Thus, the first (albeit small) non local computer network in history was created.
The result of the experiment was the understanding that time separated computers can successfully work together by executing programs and fetching data on a remote machine.
It also became clear that a telephone system with switching channels (connections) is absolutely unsuitable for building a computer network.
In 1969, the American agency ARPA (Agency for Advanced Research Projects) began research on the creation of an experimental network "with packet switching".
This network was created and received the name ARPANET, i.e. the network of the Agency for advanced research projects.
A sketch of the ARANET network consisting of four nodes – the embryo of the Internet is shown in Fig. 6.1 [21].
Figure 6.1
At this early stage, research was conducted on both network infrastructure and network applications.
At the same time, work was underway to create a functionally complete protocol for intercomputer interaction and other network software.
In December 1970, the Network Working Group (NWG) under the leadership of S. Crocker completed work on the first version of the protocol, called the Network Control Protocol (NCP).
After the implementation of NCP on ARPANET nodes was completed in 1971 – 1972, network users were finally able to start developing applications.
In 1972, the first application appeared – e mail.
In March 1972, Ray Tomlinson wrote basic programs for sending and reading electronic messages.

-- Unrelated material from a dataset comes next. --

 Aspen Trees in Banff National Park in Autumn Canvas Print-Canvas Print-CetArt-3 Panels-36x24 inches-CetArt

In July of the same year, Roberts added to these programs the ability to issue a list of messages, selectively read, save to a file, forward and prepare a response.
Since then, email has become the largest network application.

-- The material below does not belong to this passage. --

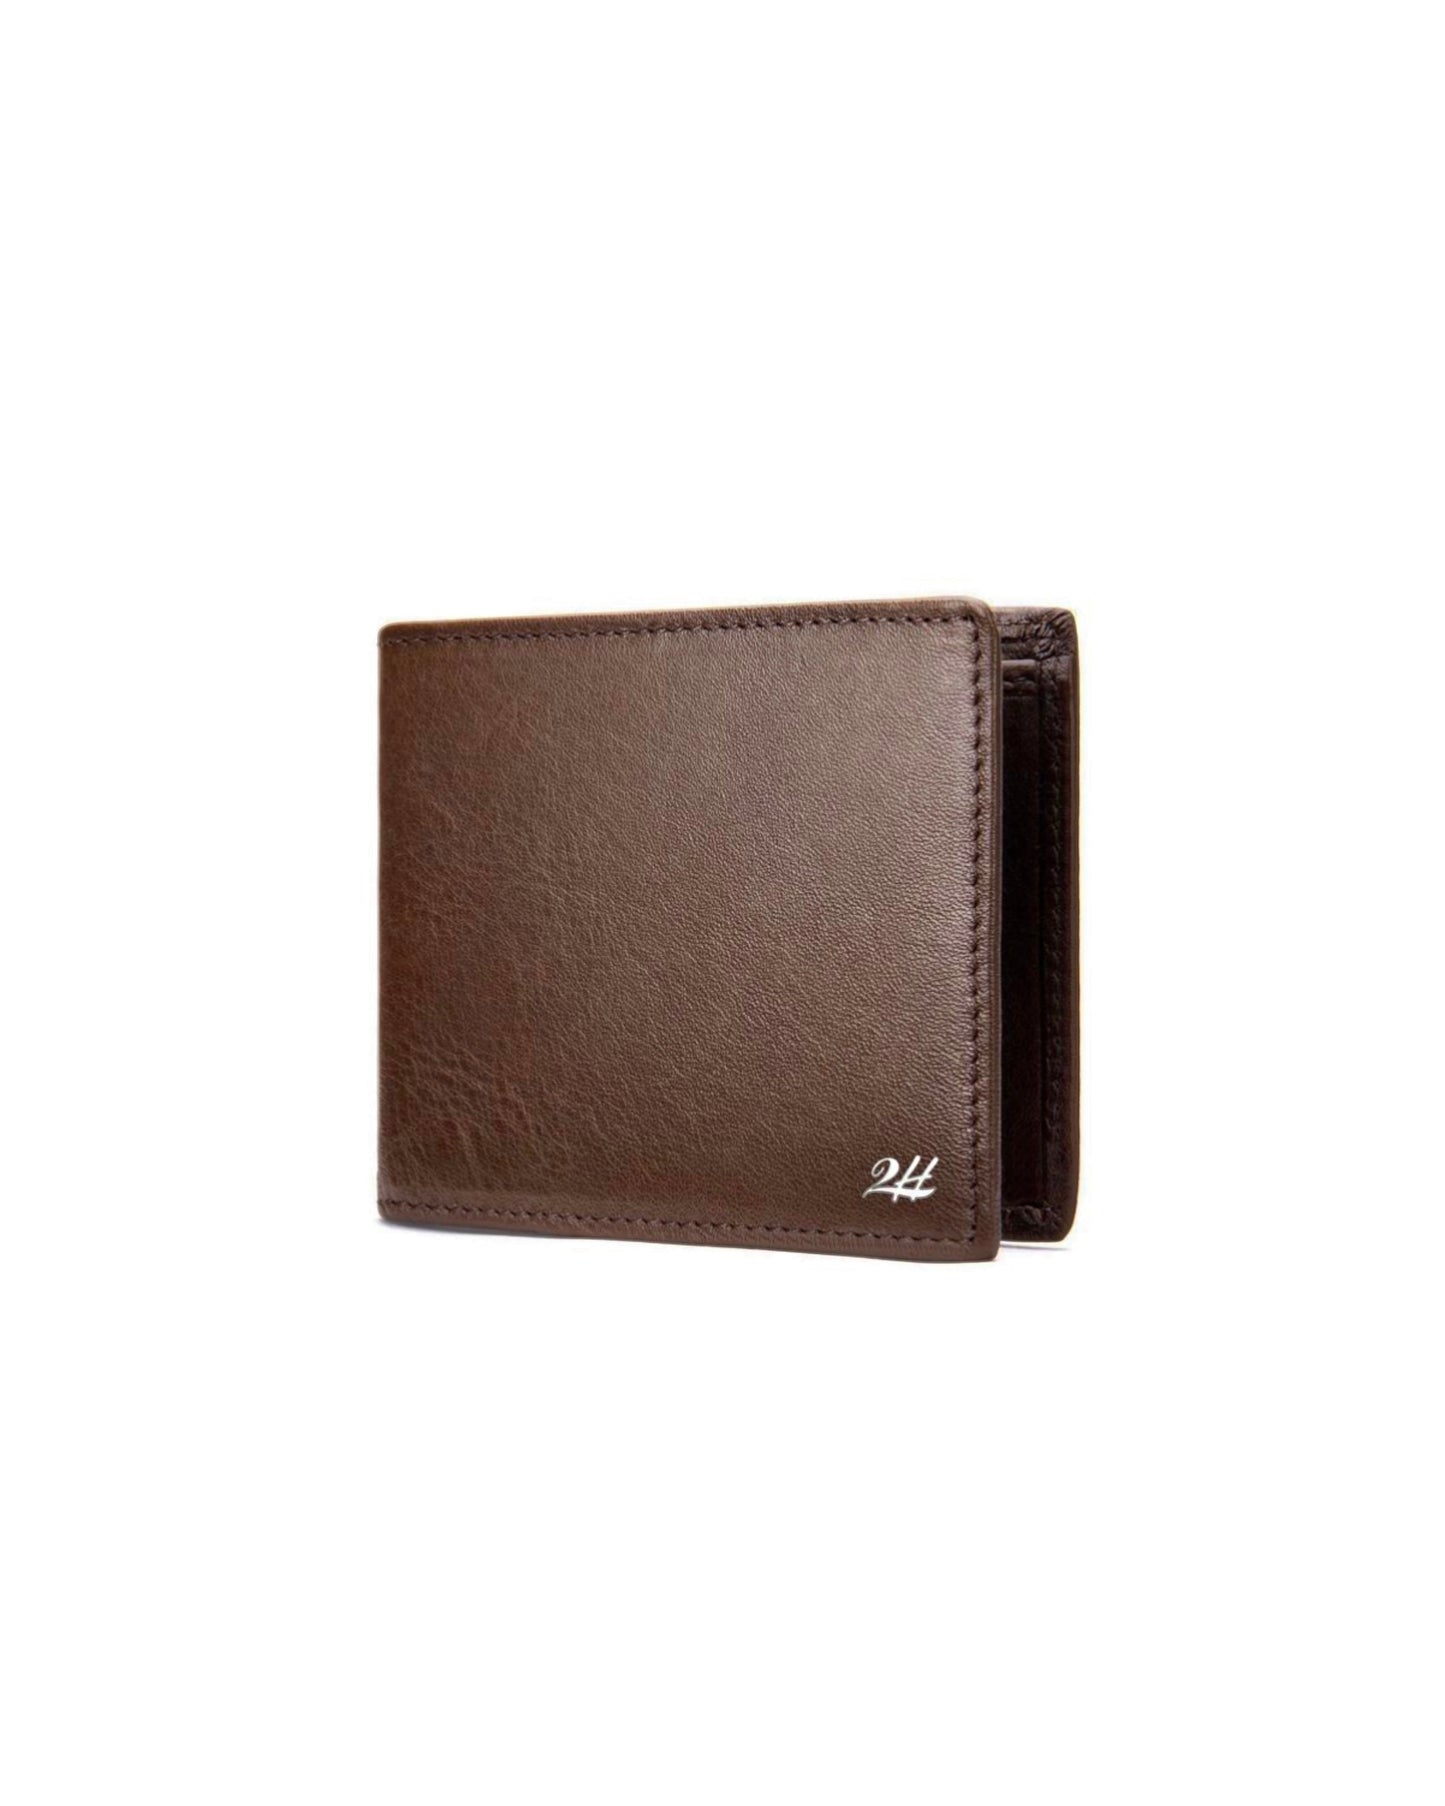 2H Brown Genuine Leather wallet

For its time, e mail has become what the World Wide Web is today – an exceptionally powerful catalyst for the growth of the exchange of all types of interpersonal data flows.
In 1974, the Internet Network Working Group (INWG) introduced a universal protocol for data transmission and networking – TCP/IP.
This protocol is used in the modern Internet.
However, the transition of ARPANET from the NCP protocol to TCP/IP took place only on January 1, 1983.
It was a "Day X" - style transition, requiring simultaneous changes on all computers.
The transition was carefully planned by all interested parties over the previous few years and went surprisingly smoothly (however, it led to the spread of the "I survived the transition to TCP/IP" icon).
In 1983, the transfer of ARPANET from NCP to TCP/IP made it possible to divide this network into MILNET, the actual network for military needs, and ARPANET, used for research purposes.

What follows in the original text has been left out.